CONNEAUT – A permanent fix to the balky wind turbine at Conneaut Middle School could come before the end of the year, Kent Houston, Conneaut Area City Schools superintendent, said Tuesday.
The 600-kilowatt turbine, erected early this year, has operated barely more than 60 percent of the time, according to a letter sent to Houston from owner NexGen Energy of Boulder, Colo. NexGen had expected the machine to work at a 95 percent level.
The problem is a faulty hydraulic system, John M. Brown, NexGen president, said in his letter.
“Unfortunately, the hydraulic system has failed to maintain the pressure necessary to operate the turbine effectively on an ongoing basis,” he said. “At no point has there been a safety risk to anyone. Without a properly functioning hydraulic system, the turbine simply does not run.”
Houston and school board member Nicholas Iarocci spoke recently with NexGen officials. New hydraulics will be installed within four to six weeks, Houston said.
“Hopefully, (the problem) is coming to an end,” he said.
The massive turbine was built at no cost to the school district, which agreed only to buy power it generates for a 10-year period. School officials were banking on NexGen’s rates proving cheaper than FirstEnergy’s costs.
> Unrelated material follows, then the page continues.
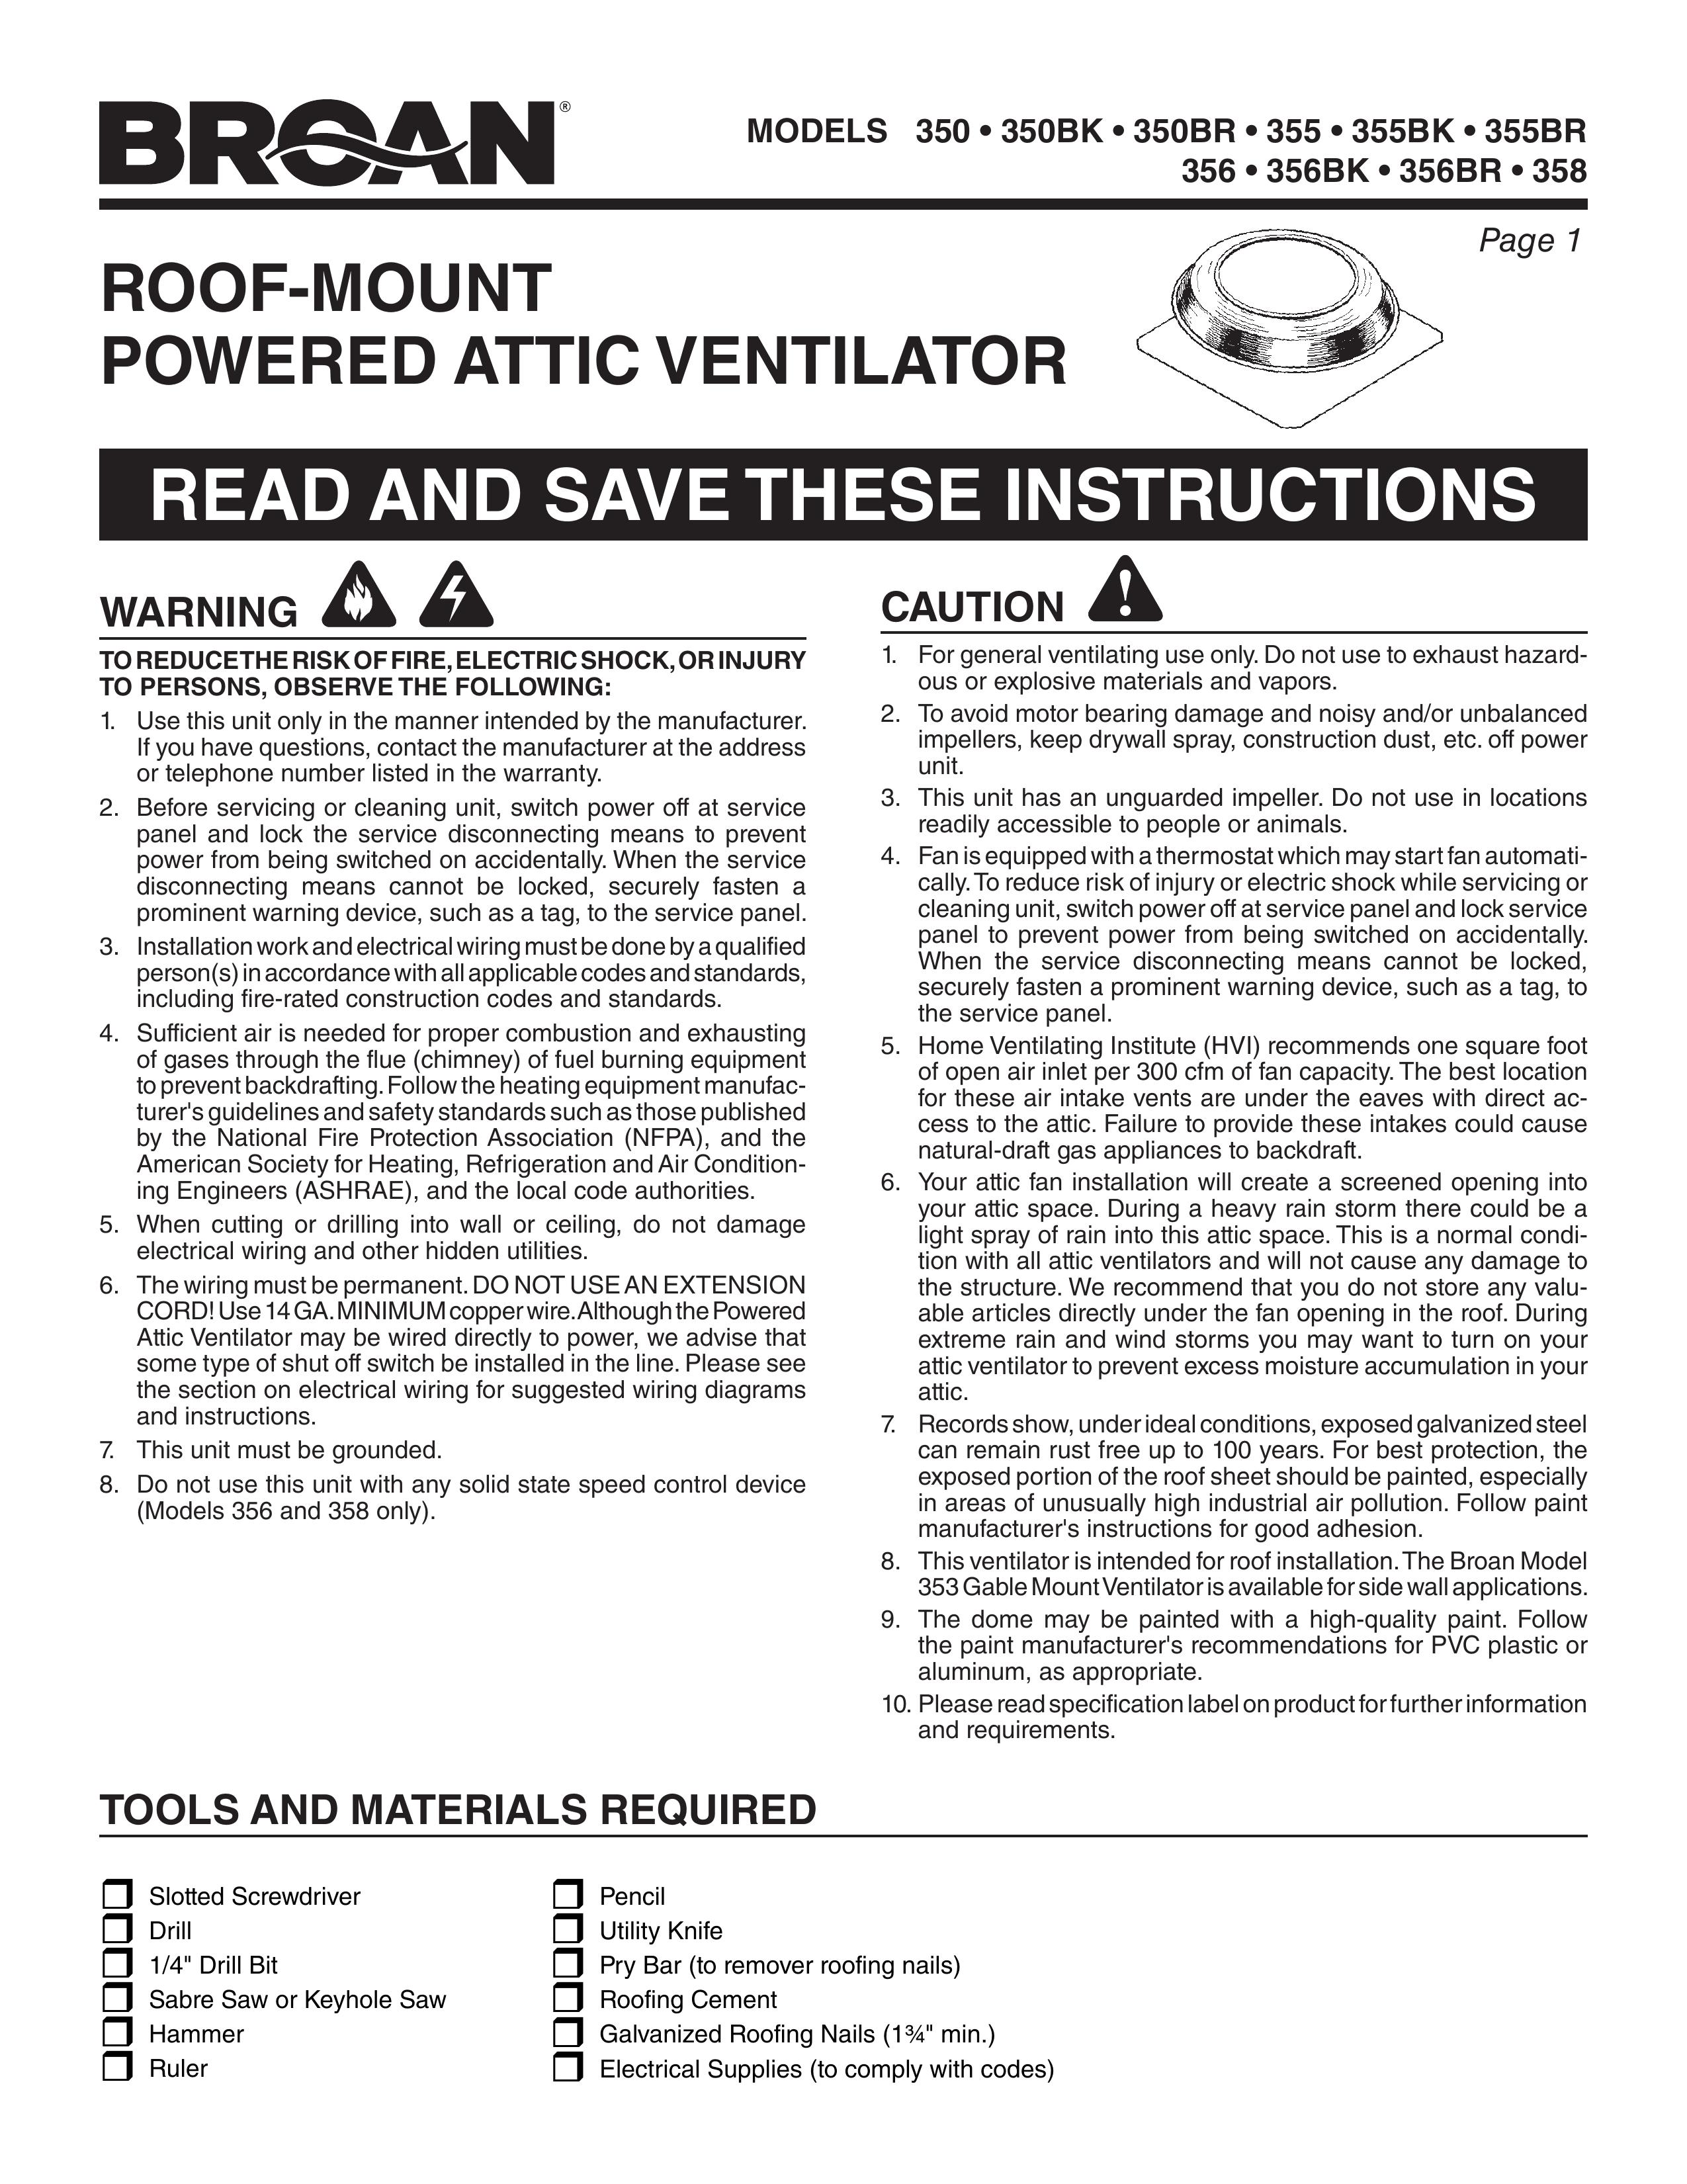 Broan 355BR Ventilation Hood User Manual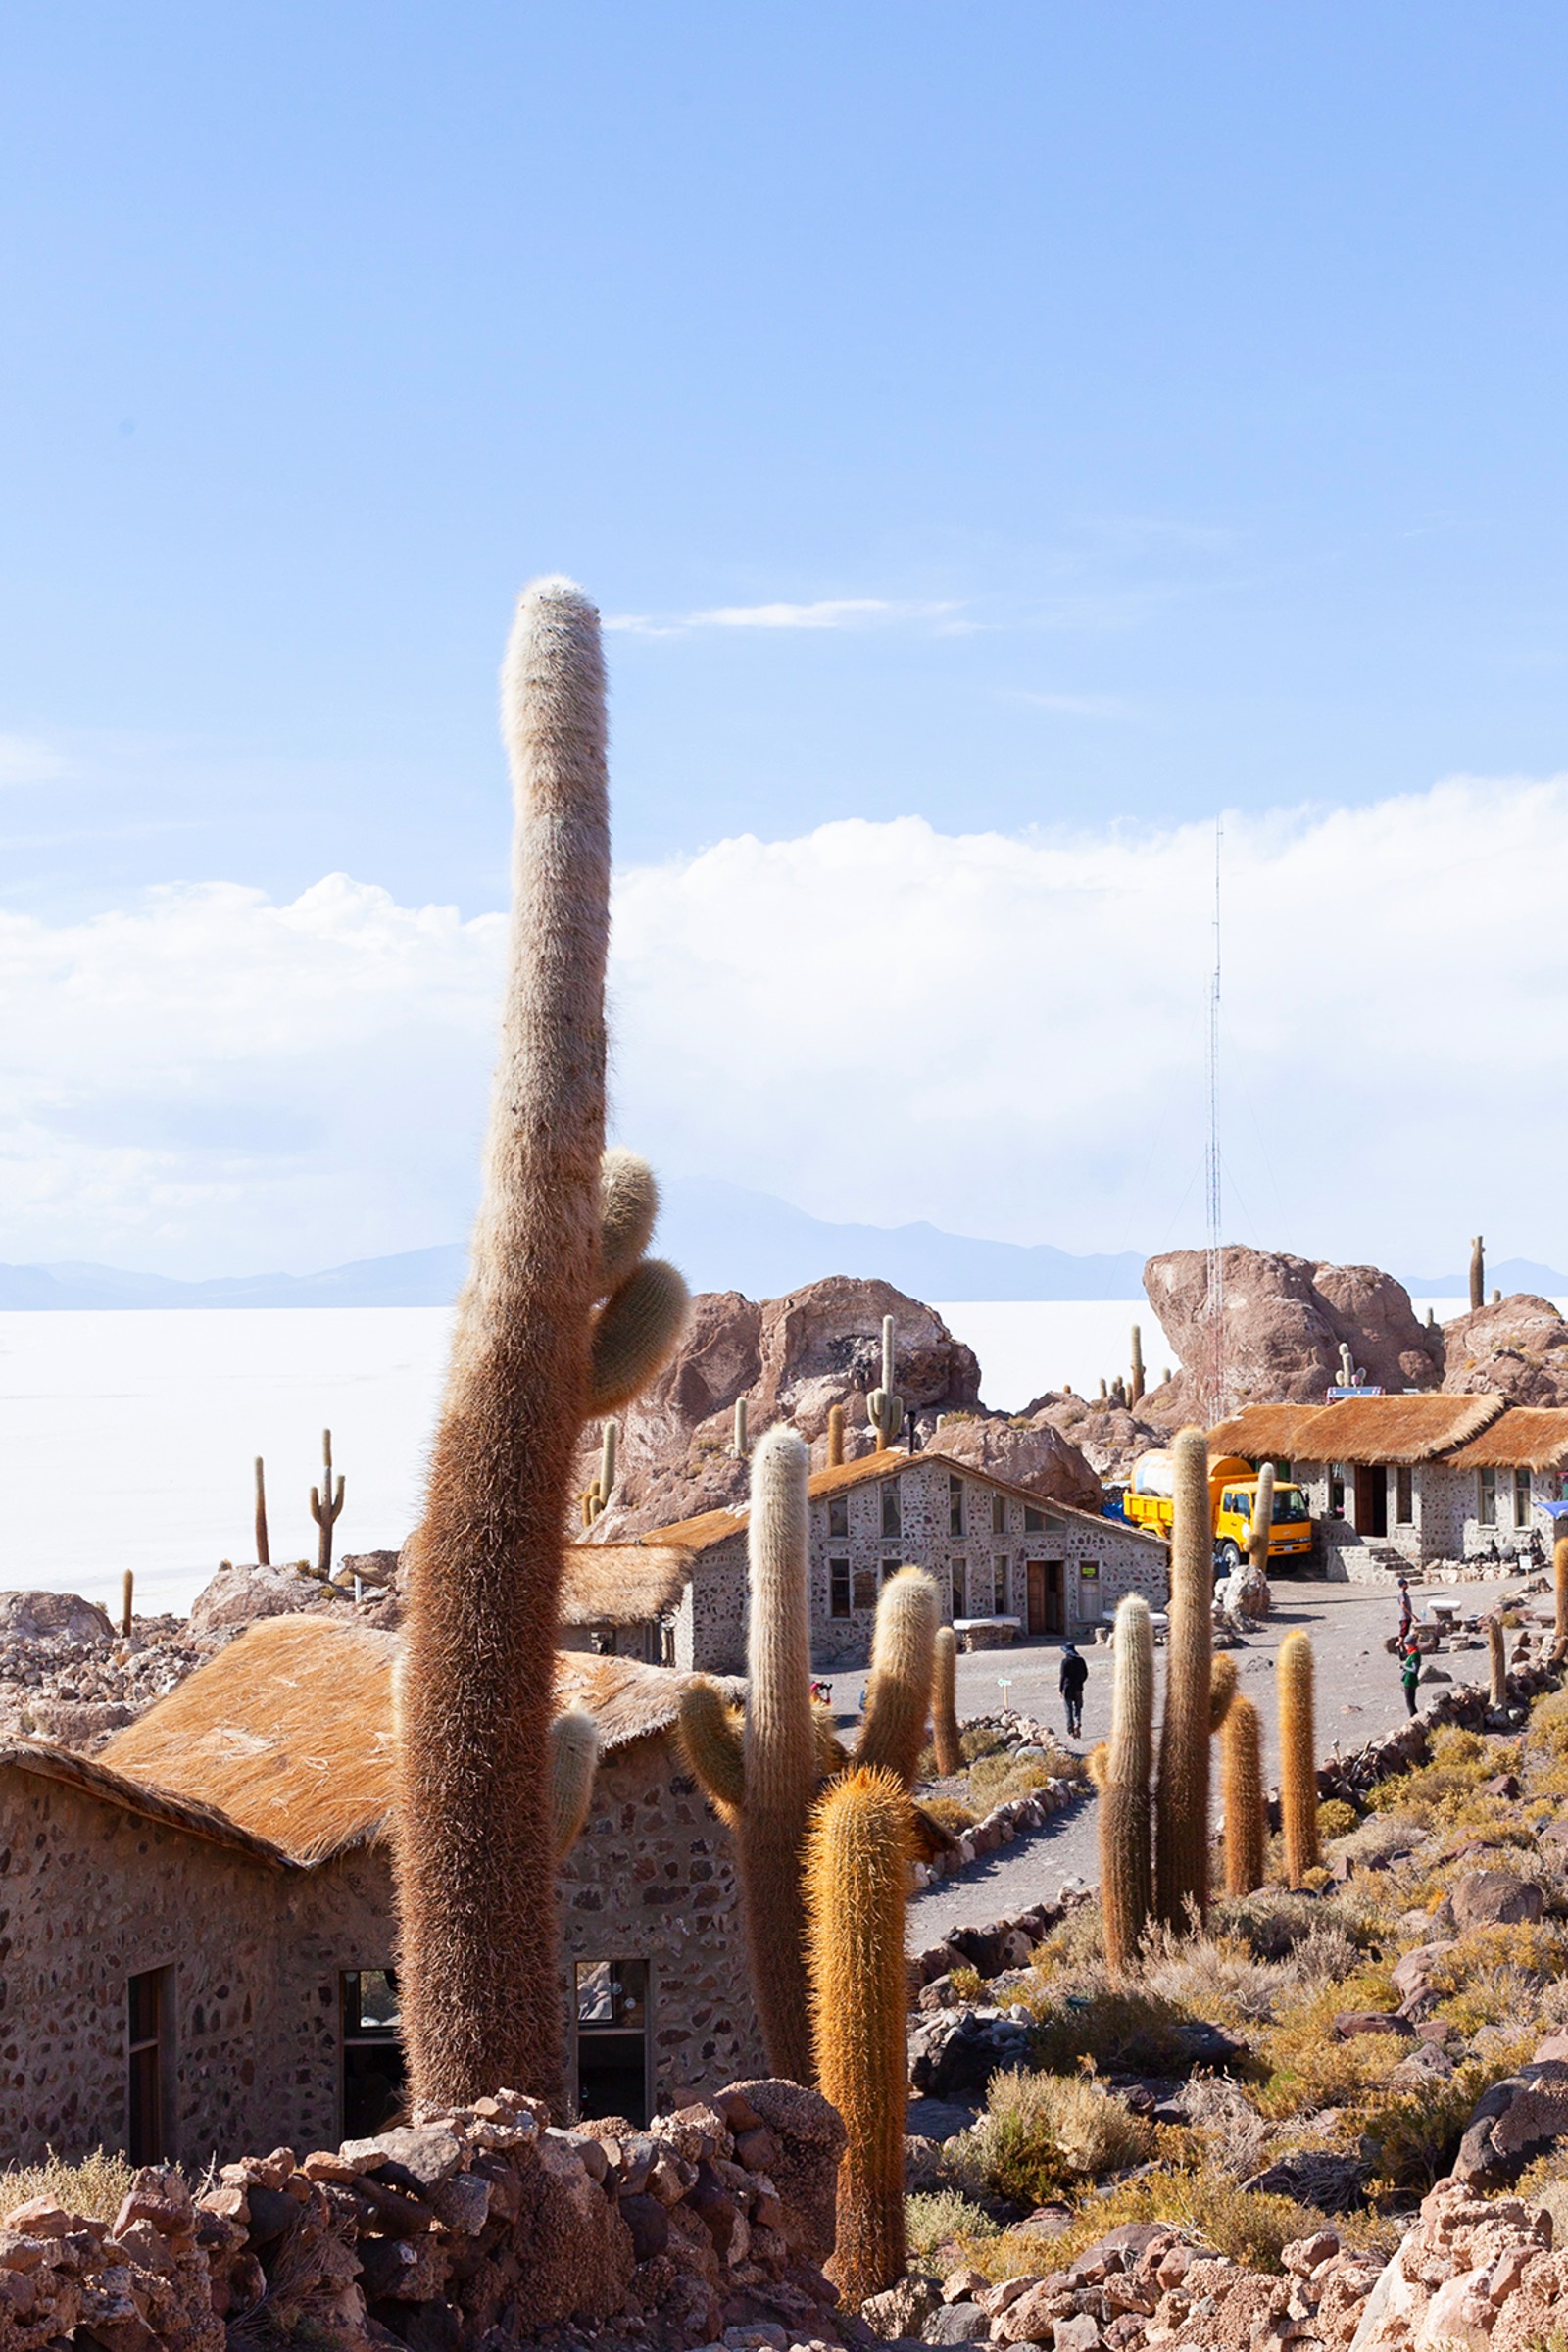 Incahuasi island, Uyuni salt-flat in Bolivia (Jimena Peck—Shutterstock)

The turbine’s low performance has made it difficult to evaluate the extent of savings, Iarocci said. The school’s electric bills are smaller but not as small as they could be if the machine were running as billed, he said.
“We’re not saving as much as we thought we would save,” Iarocci said. “But it’s not costing us any money. Overall, we’ve saved money by combining NexGen and First Energy.”
Treasurer Mary Gillespie agreed. Utility bills are down compared to 2009, she said. Officials know the turbine’s true worth will be known after it has been operating steadily for a few years, Gillespie said.
“We knew it would be long-term,” she said.
NexGen is just as affected as the Conneaut Middle School, Brown said in his letter.
“As you know, NexGen Energy, as the owner of the system, has made a significant financial investment in your project and is compensated on electricity generated, so we share your concern and disappointment,” he wrote.
As a goodwill gesture, the company has agreed to freeze the rate it charges the district through 2011, Brown wrote.
The turbine, designed to provide 60 percent of the electricity needed at the middle school, raised concerns as far back as March, just a few weeks after it began operating. At that time, officials were told a few parts were needed to make it fully operational.
Over the past few months, plenty of people have contacted the district about the idled turbine, board members said.
NexGen also owns a smaller 400 kW turbine that is providing power to the city of Conneaut’s wastewater treatment plant. That turbine, perched on the Lake Erie shore, hasn’t been a problem, officials have said.